FCA proxy discrimination evidence. Under FCA EP25/2 (November 2025, in force February 2026), firms must demonstrate they have investigated proxy discrimination and taken corrective action where found. If you want to argue that postcode has no direct discriminatory effect after conditioning on socioeconomic features, you need a causal argument. Causal SHAP provides the framework — but the argument only holds if you have an independently validated causal DAG, not one estimated from the very data you are explaining.


The implementation gap

The fast-causal-shap package (v0.3.0, January 2026, MIT licence) is a research codebase. The repository is 98.5% Jupyter Notebooks. The README usage section says “// To be added”. The package requires a pre-specified causal graph as a JSON dictionary — the PC/IDA discovery described in the paper is not run internally. Model support is scikit-learn estimators only; CatBoost, LightGBM, and XGBoost are not supported natively.

The method name compute_modified_shap_proba() suggests the implementation targets classification tasks only. For insurance frequency-severity modelling — Poisson or Tweedie GBMs with log-link — there is no supported path.

We are not planning to integrate Causal SHAP into shap-relativities in its current form. The methodological objections above are the main reason.

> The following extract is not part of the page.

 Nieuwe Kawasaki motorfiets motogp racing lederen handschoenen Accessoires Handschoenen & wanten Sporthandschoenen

The implementation gap is secondary.


What to watch

The paper’s stated future work includes FCI (Fast Causal Inference) as a replacement for PC when hidden confounders are present. FCI relaxes the causal sufficiency assumption by allowing for latent common causes and returning a PAG (partial ancestral graph) rather than a CPDAG. If a follow-up paper delivers FCI-based causal SHAP with demonstrated performance on datasets with realistic hidden confounder structure, the applicability to insurance data improves significantly.

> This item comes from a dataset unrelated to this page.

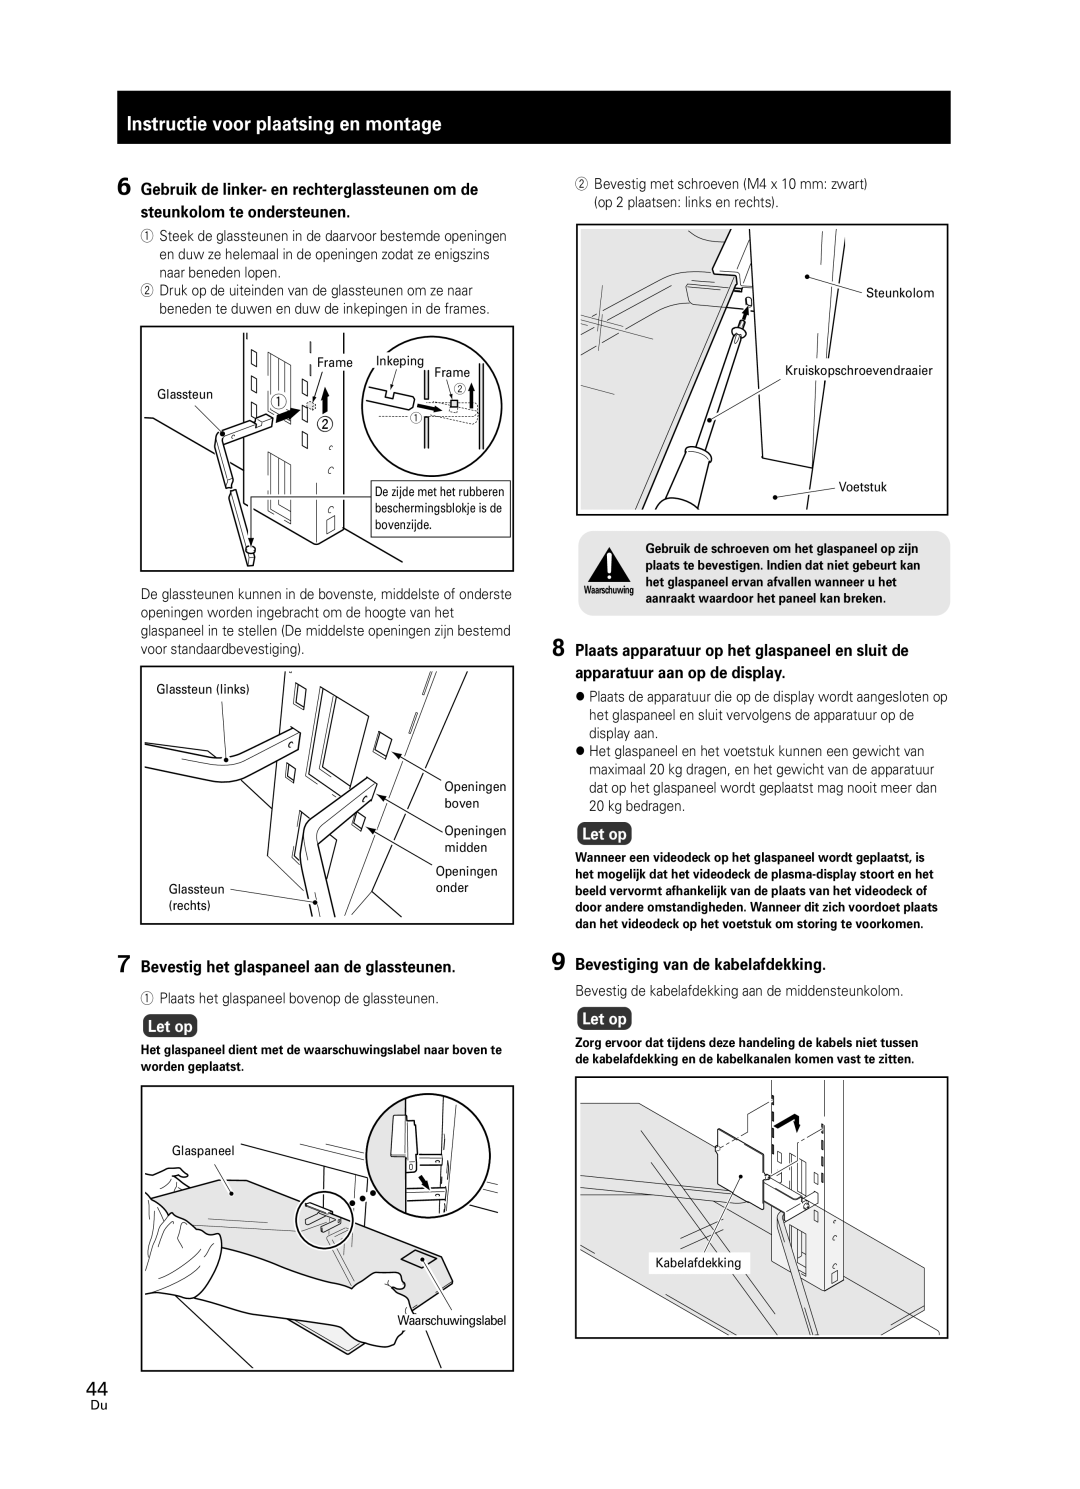 Pioneer PDK-FS05 manual Instructie voor plaatsing en montage, 7Bevestig het glaspaneel aan de glassteunen, Let op

We are also watching for any insurance-specific application that demonstrates factor table improvement on a public benchmark — freMTPL2 or similar — with features that have the kind of known correlational structure typical of UK motor data.

Until then: if you are running shap-relativities and you are worried about correlated-feature attribution stability, the immediate mitigations are to use feature_perturbation="interventional" with a representative background dataset (which corrects for impossible-data-point sampling without requiring a causal graph), and to document in your governance materials that paired features like NCD and vehicle age have shared attribution that cannot be uniquely decomposed. That is an honest answer to a hard question. It is more honest than a Causal SHAP factor table derived from a causal graph you estimated from your own training data.


Paper: Ng, Wang, Liu, Fan (2025). “Causal SHAP: Feature Attribution with Dependency Awareness through Causal Discovery.” IJCNN 2025. arXiv:2509.00846. Implementation: fast-causal-shap v0.3.0 (PyPI, MIT). Related: Extracting SHAP Relativities from Insurance GBMs, shap-relativities.